Lastly, the variant rs261334 was related to decreased expression of LIPC (liver and pancreas), which encodes a triglyceride lipase that acts in liver as triglyceride hydrolase and ligand/bridging factor for receptor-mediated lipoprotein uptake, and, therefore, is related to removal of fatty acids (in the form of tryglicerides) from the circulation.

Figure 6. Association of DHA genetic instruments with gene expression levels

Circulating metabolites

Despite having reasonably similar effects on DHA, there were substantial differences in the metabolic profile across the five assessed genetic variants (Figures 7A and 7B).

The variants rs11604424 (closest gene: ZPR1) and rs143988316 (closest gene: PBX4) had a broadly similar metabolic signature and ubiquitous effect on lipoprotein-related traits. For both variants, the DHA increasing allele was related to increases in apolipoprotein B (ApoB) and in lipids in ApoB containing particles (VLDL, LDL, IDL).

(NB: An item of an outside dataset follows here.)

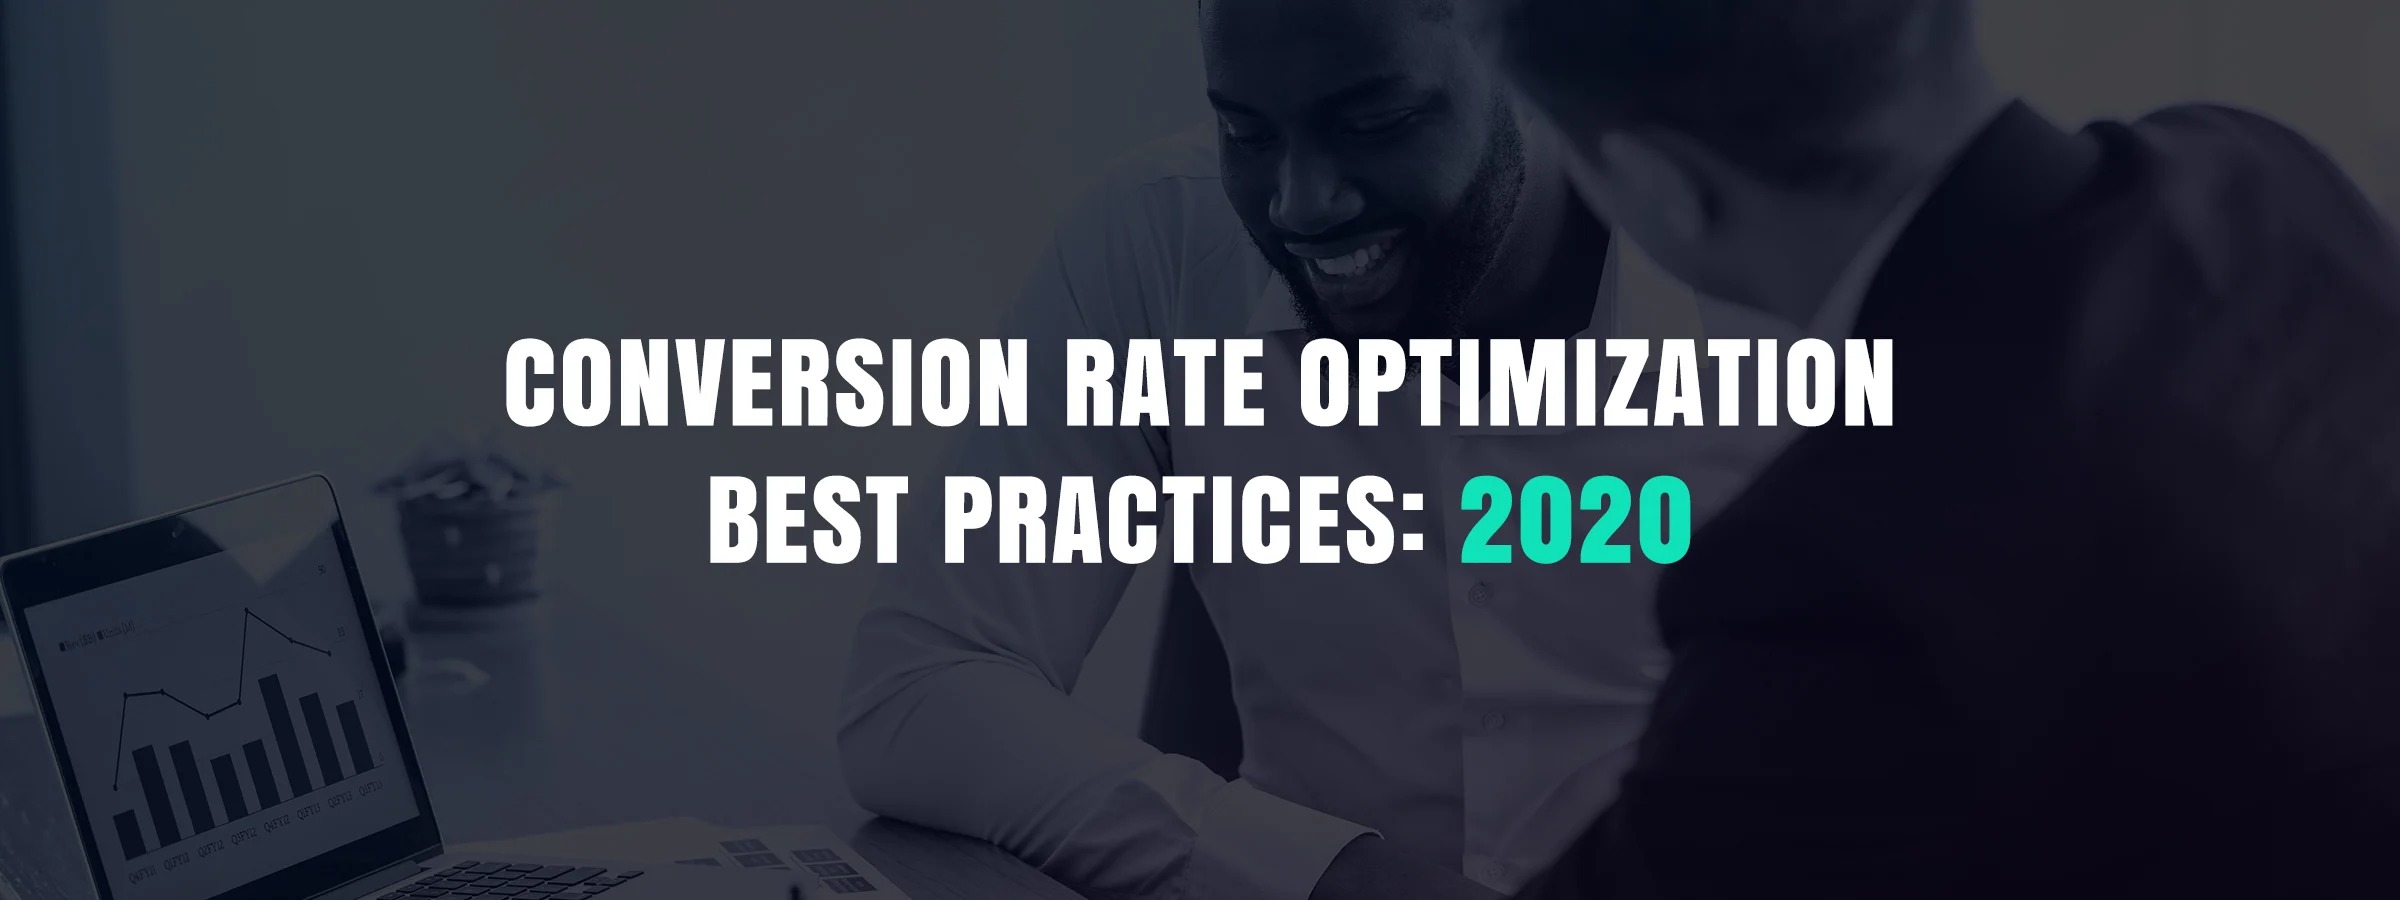 Conversion rate optimization best practices: 2020
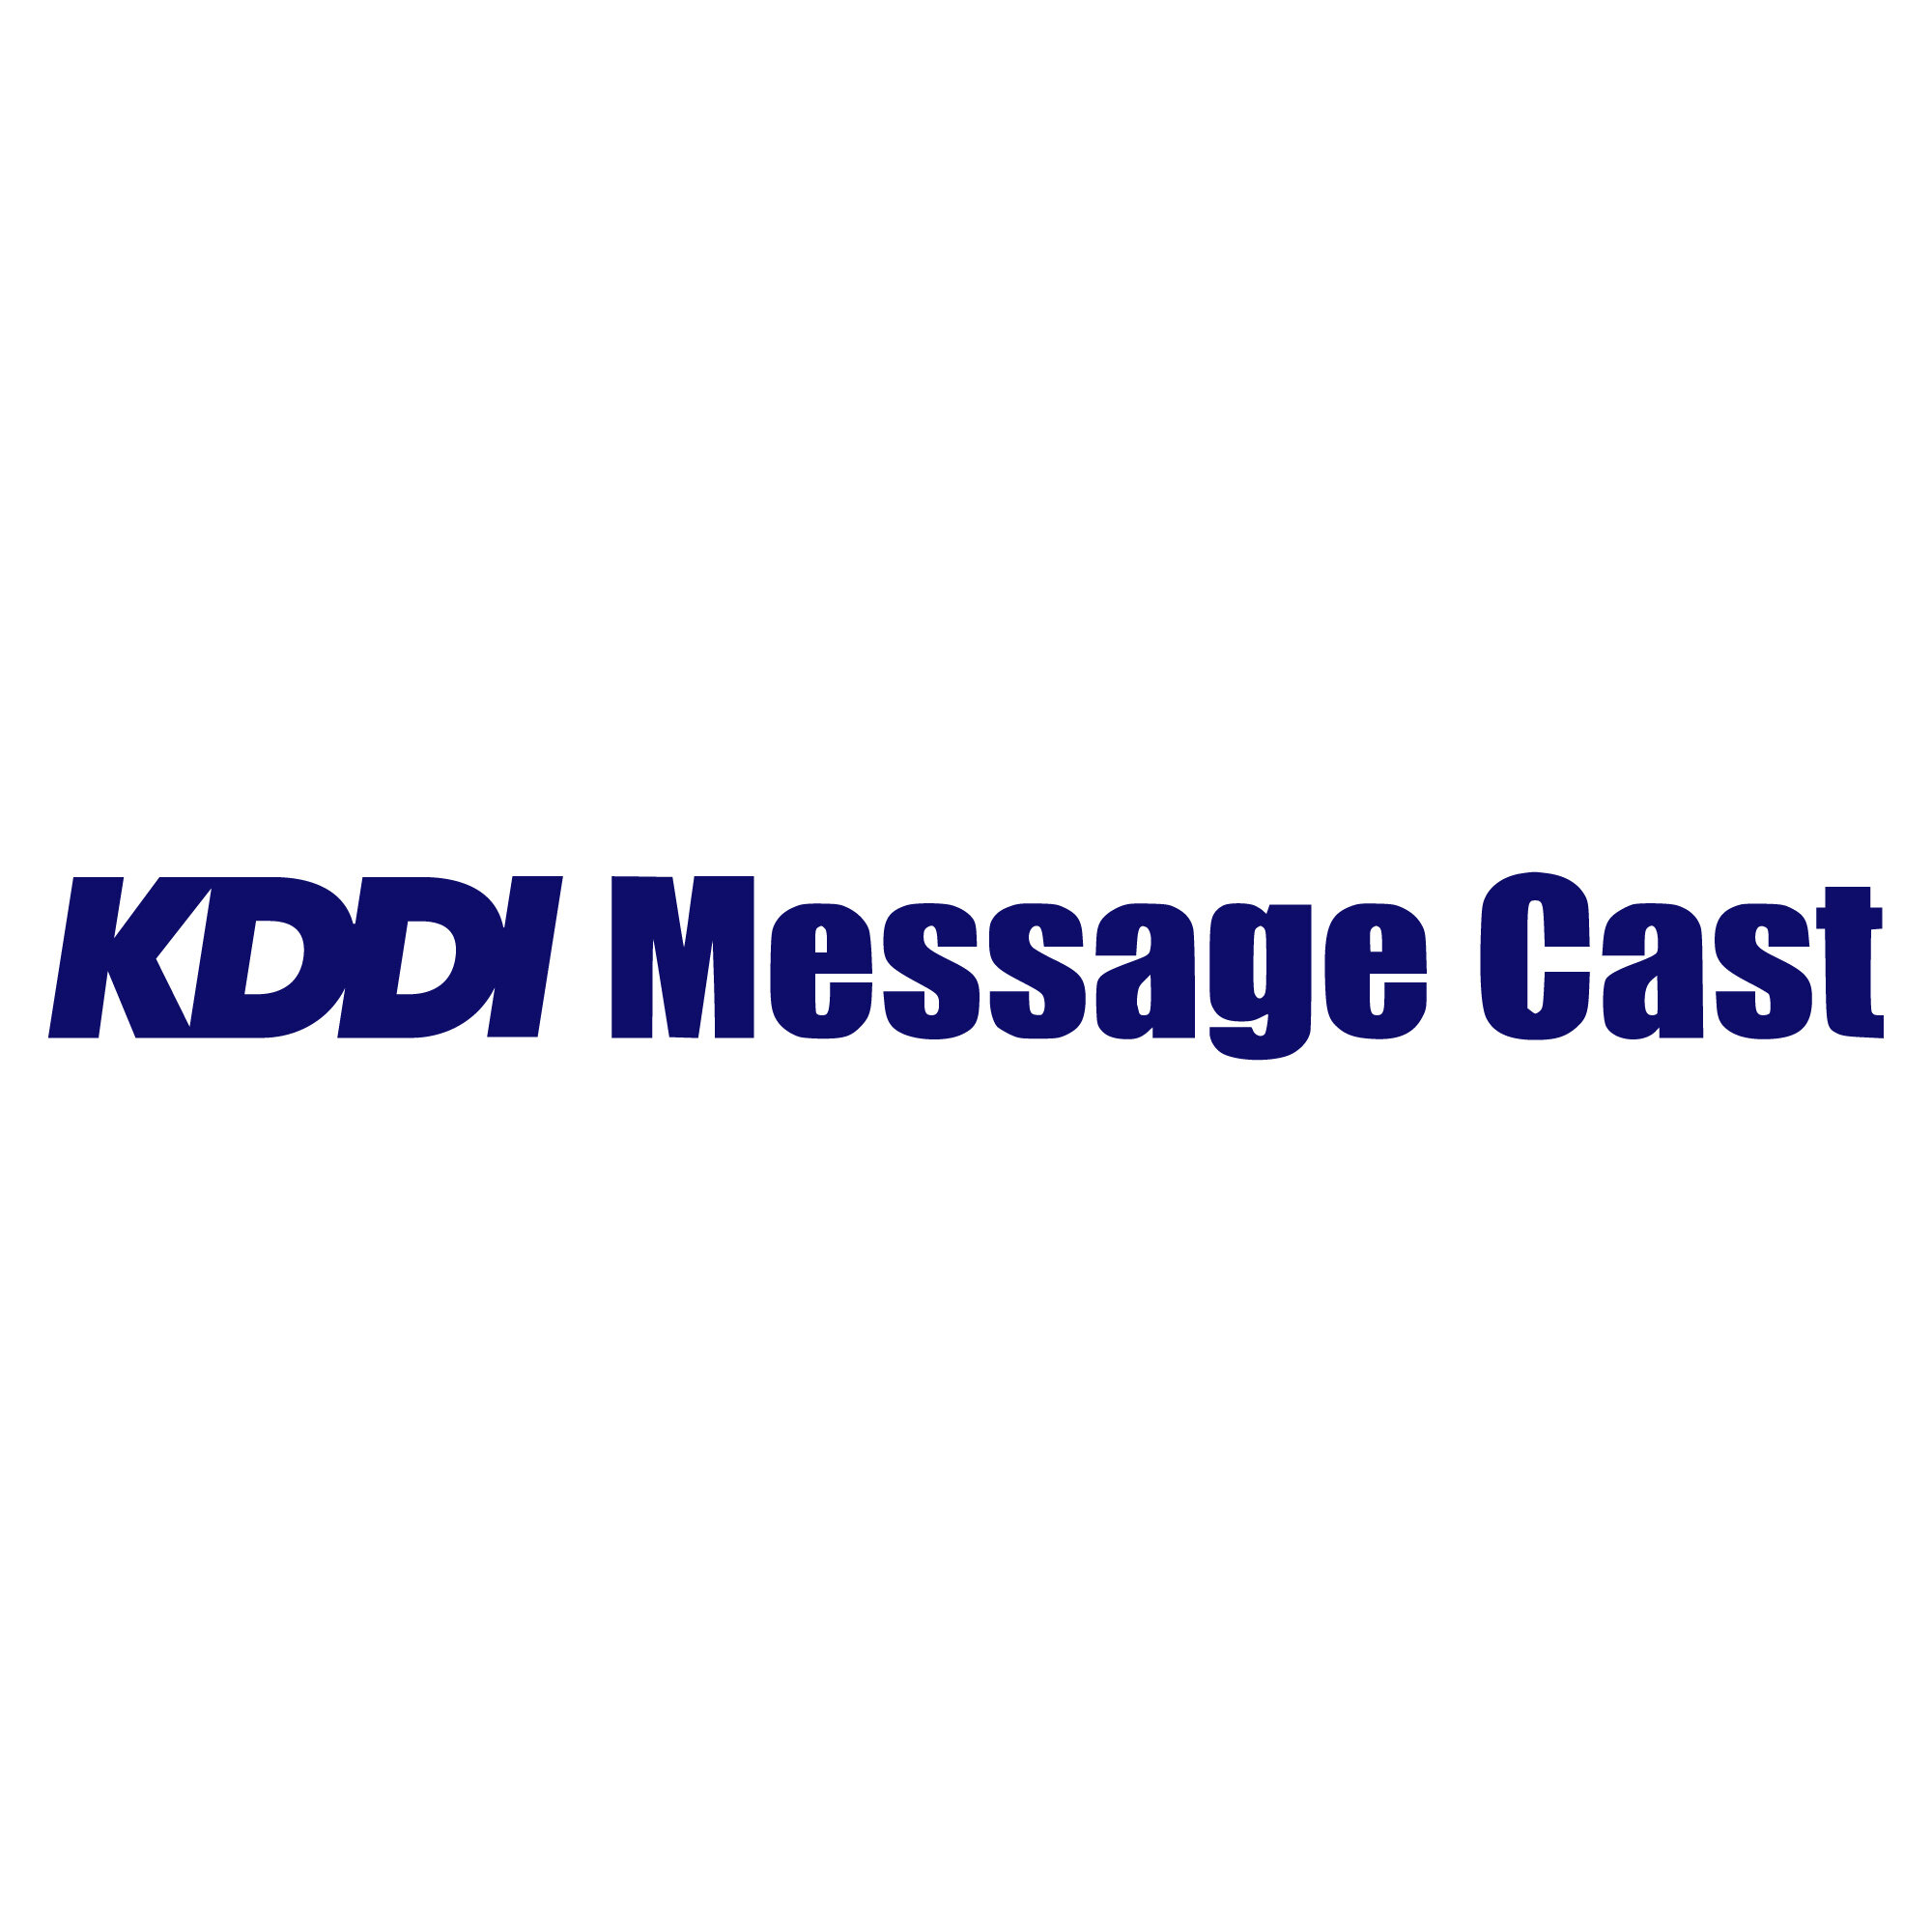 KDDI Message Cast

There was some evidence from the multi-trait colocalisation analysis that these associations were due to a shared causal variant ( ZPR1 locus: PPA = 74%-99%; PBX4 locus: PPA = 72%-97%).

The variant rs174546 (closest gene: FADS1) had the largest effects on multiple polyunsaturated fatty acids-related traits and was related to increases in apolipoprotein A1 (apoA1), larger HDL, IDL and larger VLDL particle lipids. There was some evidence of a shared causal variant with DHA (PPA = 55-86%).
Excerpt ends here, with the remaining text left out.